Below is a little check to make sure our interpolation snippet is working correctly. We interpolate $$sin(5x)$$ (plotted with a solid black line) on a grid of 7 points (blue dots) and plot the resulting approximate function (red dashes line). This isn’t a rigorous check, but it is working! Convergence is very fast if we increase the interpolation order, but I’ve left out a demonstration of that.

import scipy.interpolate

# First, form the interpolating polynomial
qx, qw = gauss_rule(7)
fqx = np.sin(5 * qx)
I = scipy.interpolate.BarycentricInterpolator(qx, fqx)

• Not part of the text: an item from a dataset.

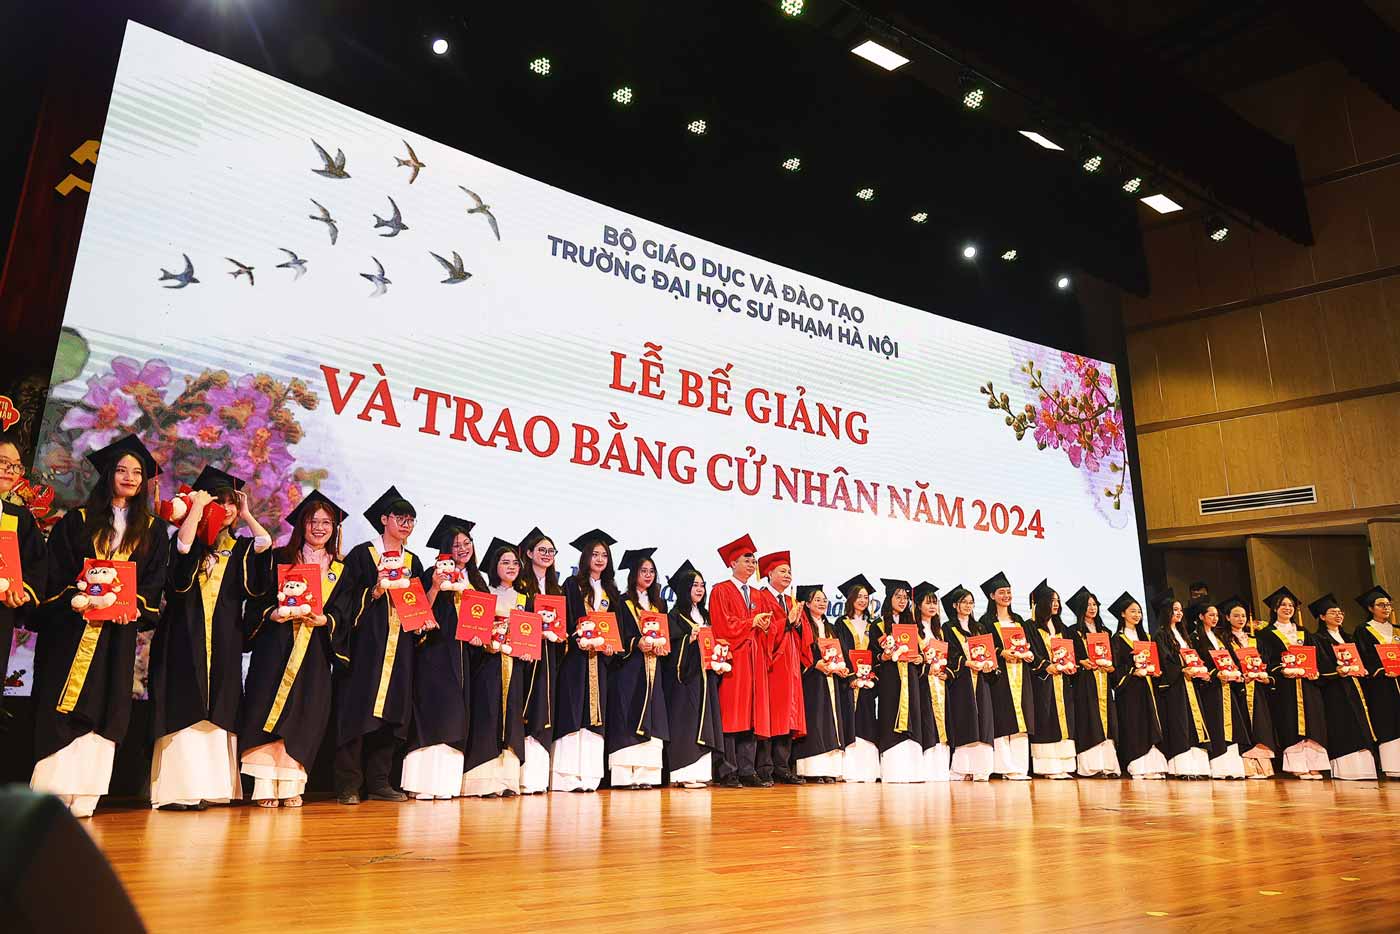 Hơn 2.500 sinh viên Trường Đại học sư phạm Hà Nội đã được nhận bằng tốt nghiệp trong ngày hôm nay 11.6.
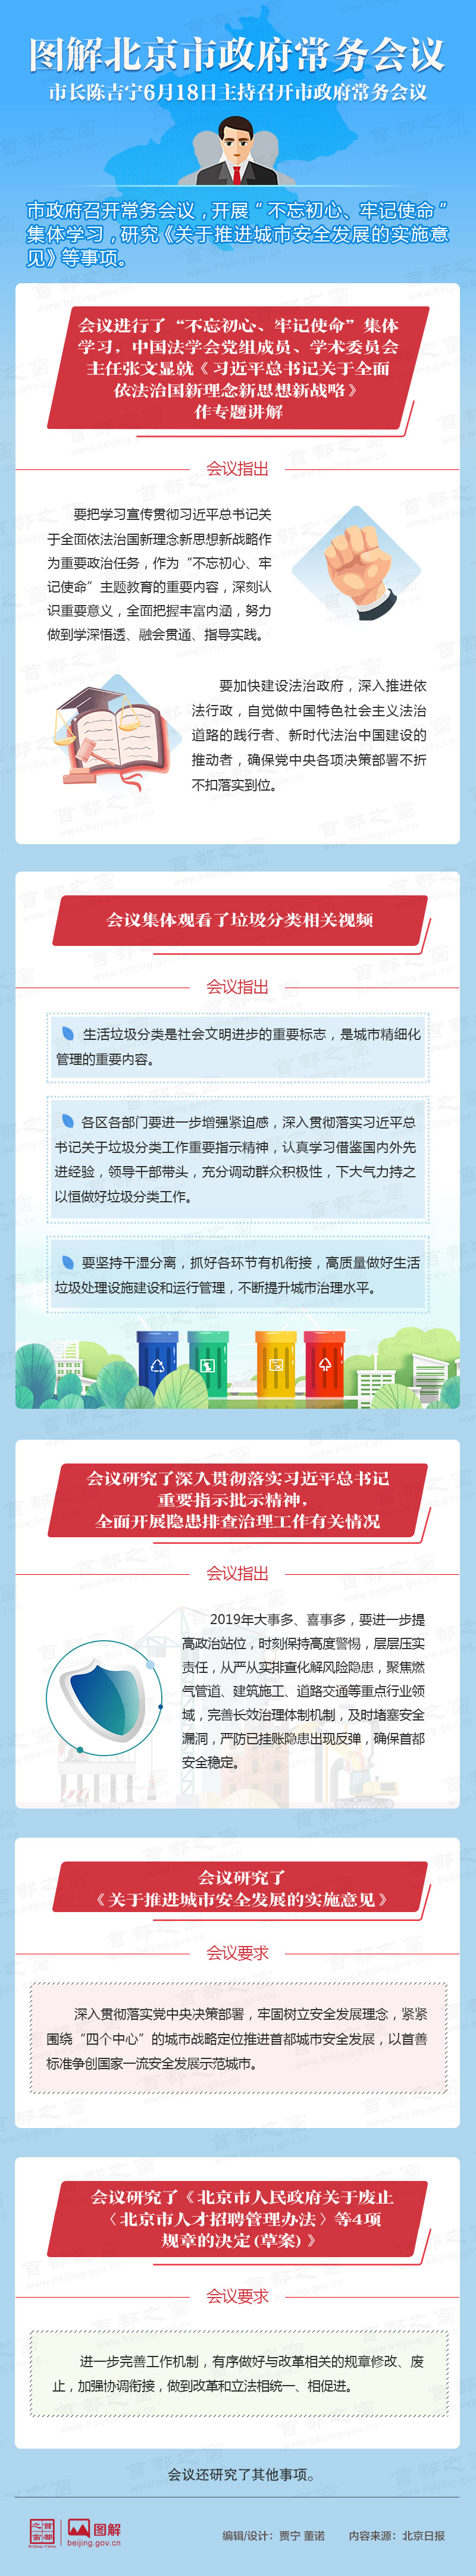 圖解2019年6月18日北京市政府常務會議

# Then, evaluate the polynomial at a bunch of points for plotting.
xs = np.linspace(-1, 1, 200)
v = I(xs)

plt.plot(qx, fqx, "bo", markersize=10)
plt.plot(xs, v, "r--")
plt.plot(xs, np.sin(5 * xs), "k-")
plt.show()


## 2.5. Hypersingular stress integrals¶

Integrals as functions: I think it’s useful to think about the integrals in integral equations as functions accepting a certain input and producing a certain output. For example, the double layer integral accepts a potential input (and a set of observation points and a source surface mesh) and produces a potential as output. In comparison, the hypersingular integral accepts a potential input and produces a potential gradient as output. The input is the same, but the output has had an extra derivative applied. In terms of antiplane elasticity, potential is displacement and potential gradient is stress. The API of the integrate_term function is intended to closely match this integrals-as-functions concept where the three main parameters are the kernel function, the observation points and the source surface.

The second missing piece is a set of tools for computing stresses in the volume given an input fault slip. Continuing in the antiplane strain setting, what we want is to compute the gradient of displacement times the shear modulus.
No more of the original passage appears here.